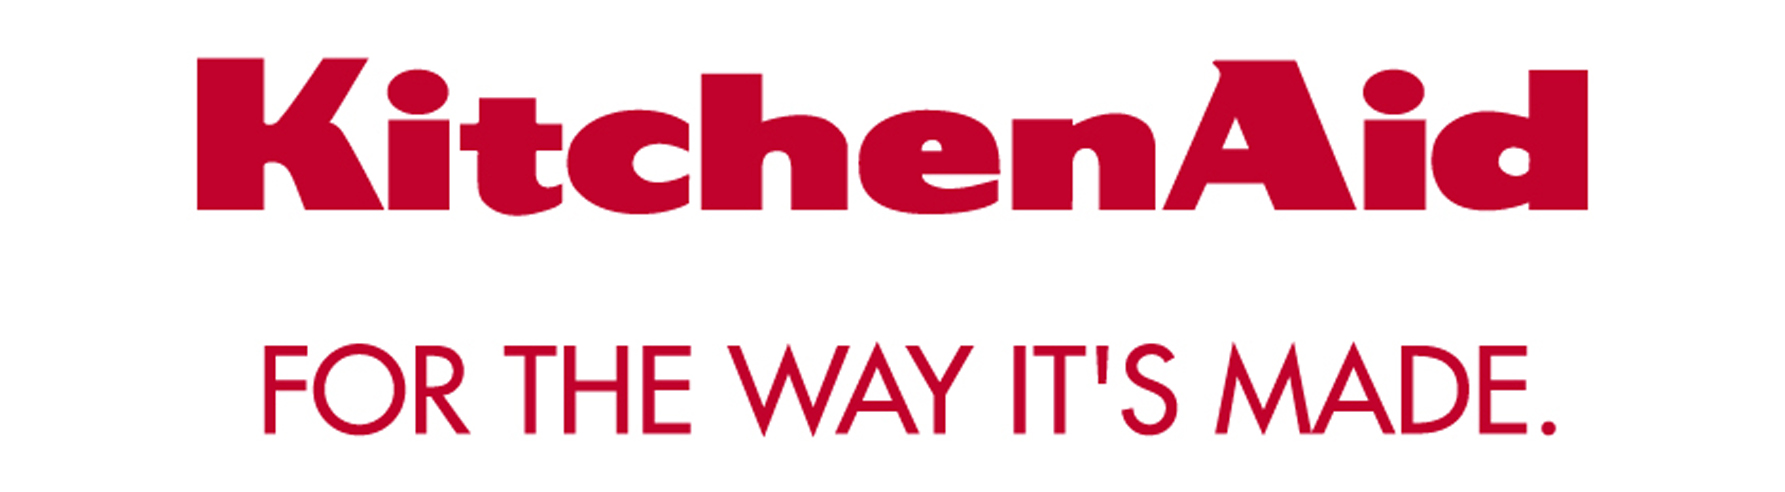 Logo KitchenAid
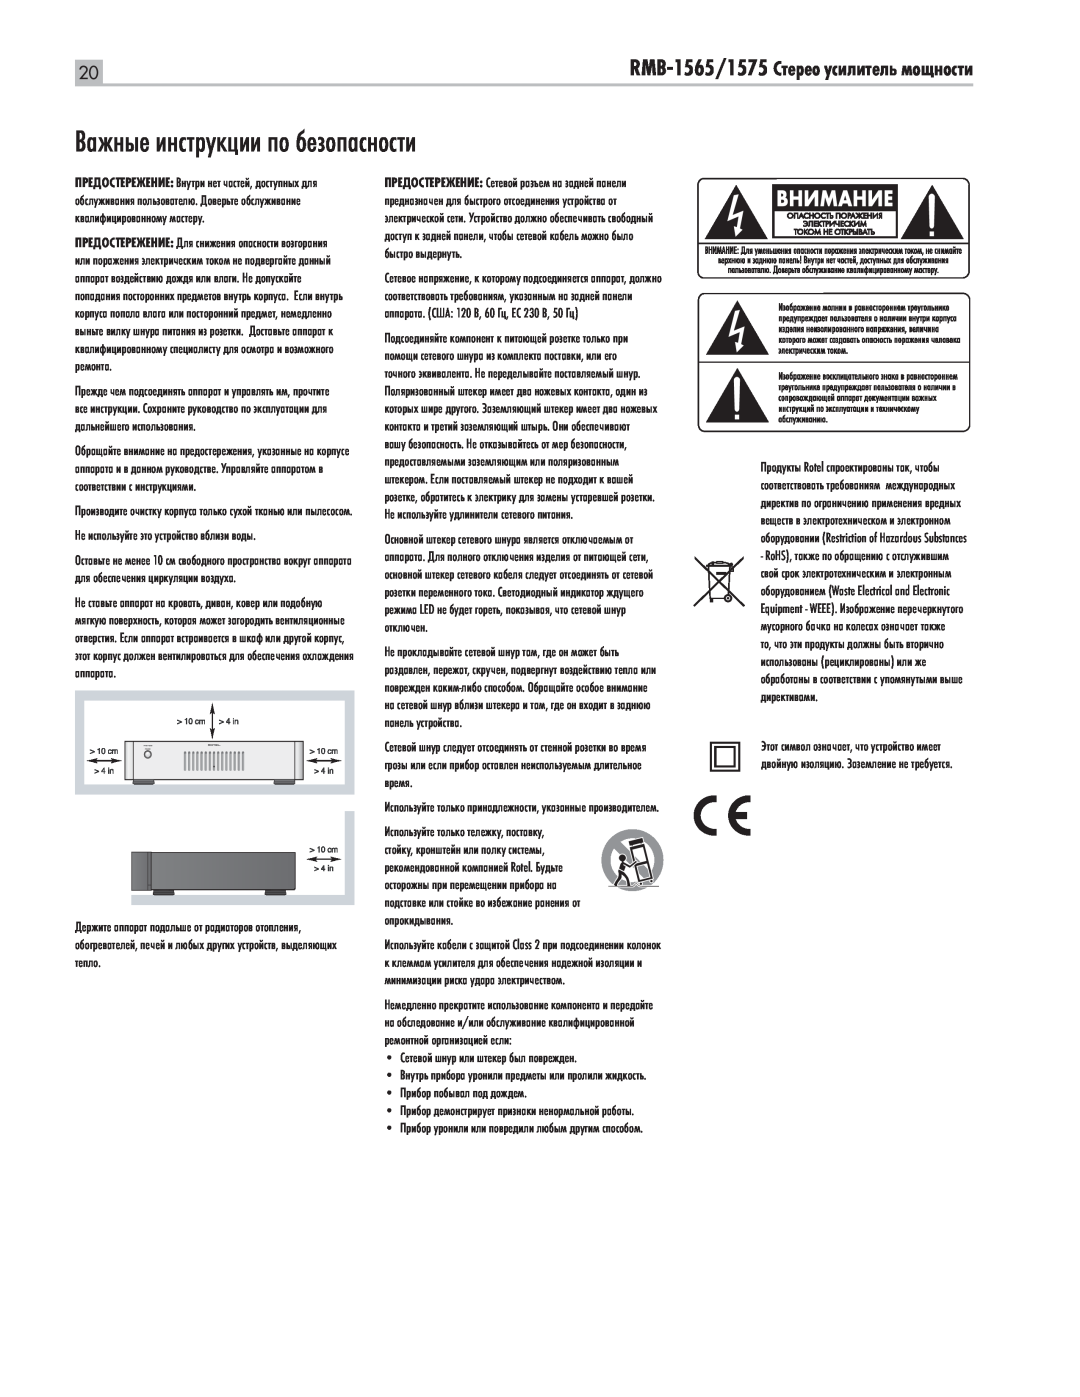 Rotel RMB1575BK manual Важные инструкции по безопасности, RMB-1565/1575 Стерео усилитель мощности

━━━━━━━━

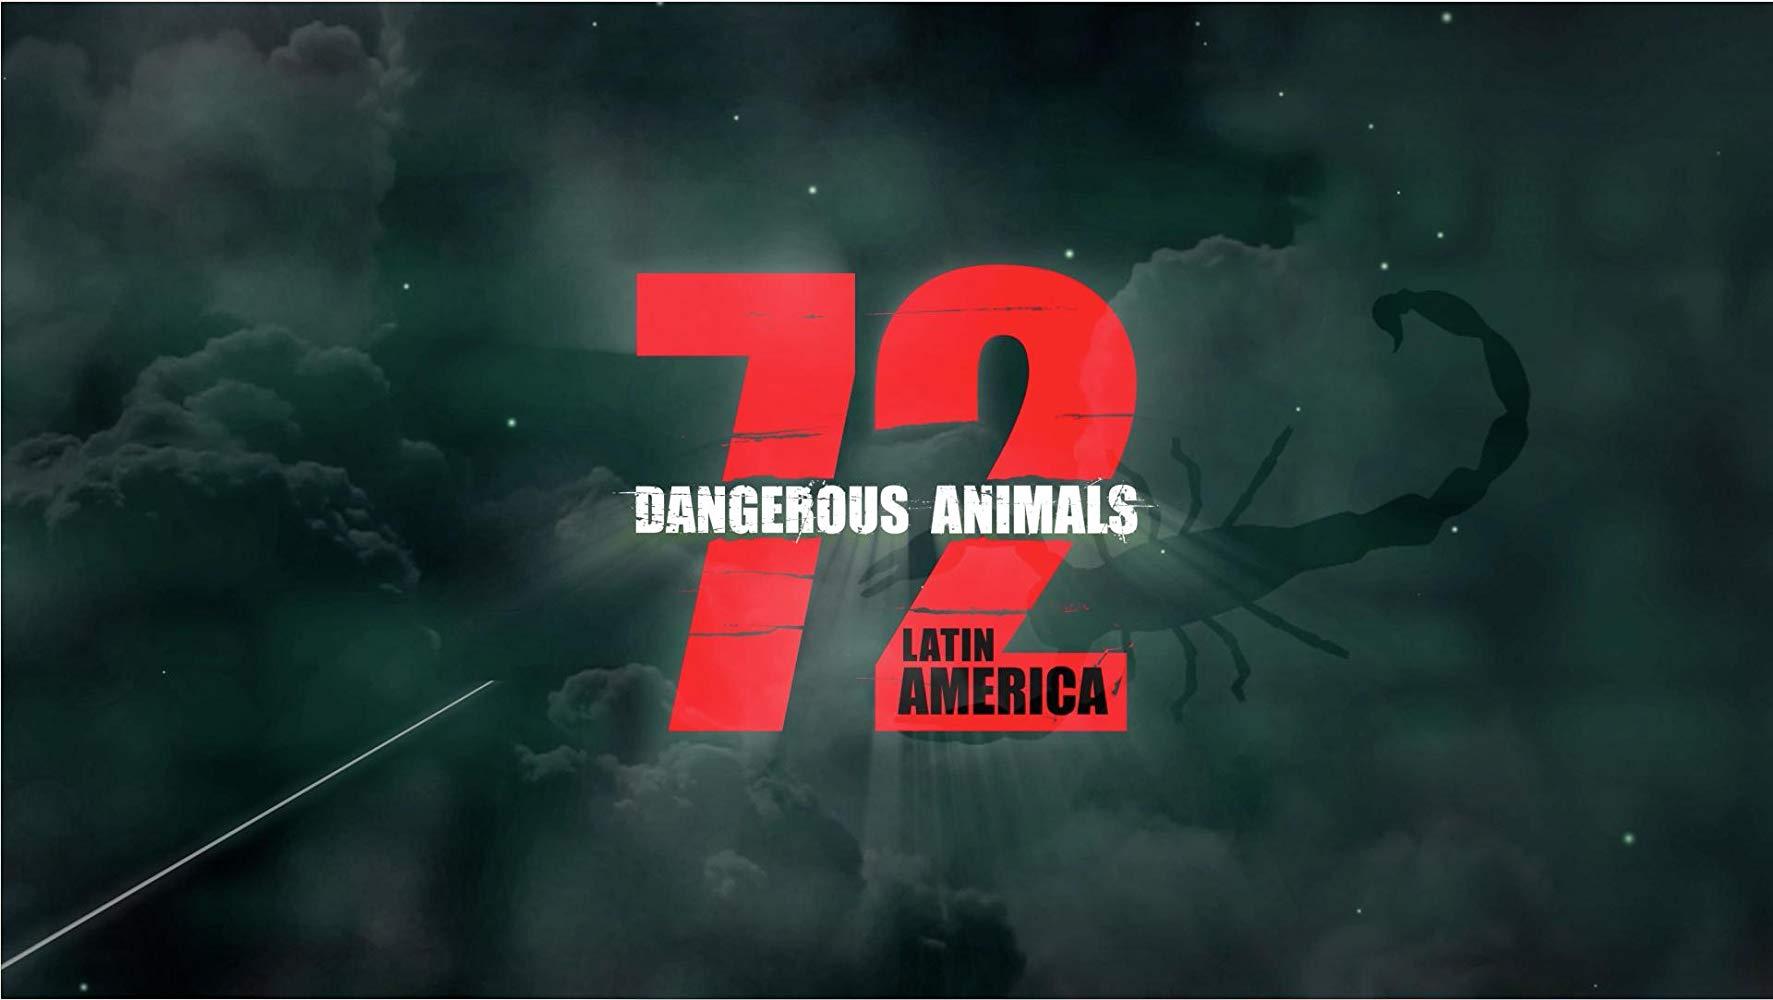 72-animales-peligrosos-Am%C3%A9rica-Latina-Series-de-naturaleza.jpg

━━━━━━━━

» TRY IT
Pictures excluded, give again exactly and only the lines of the material above from the line with "Logo KitchenAid" through the line with "Rotel RMB1575BK manual".

» RESULT BELOW
 Logo KitchenAid
 Rotel RMB1575BK manual Важные инструкции по безопасности, RMB-1565/1575 Стерео усилитель мощности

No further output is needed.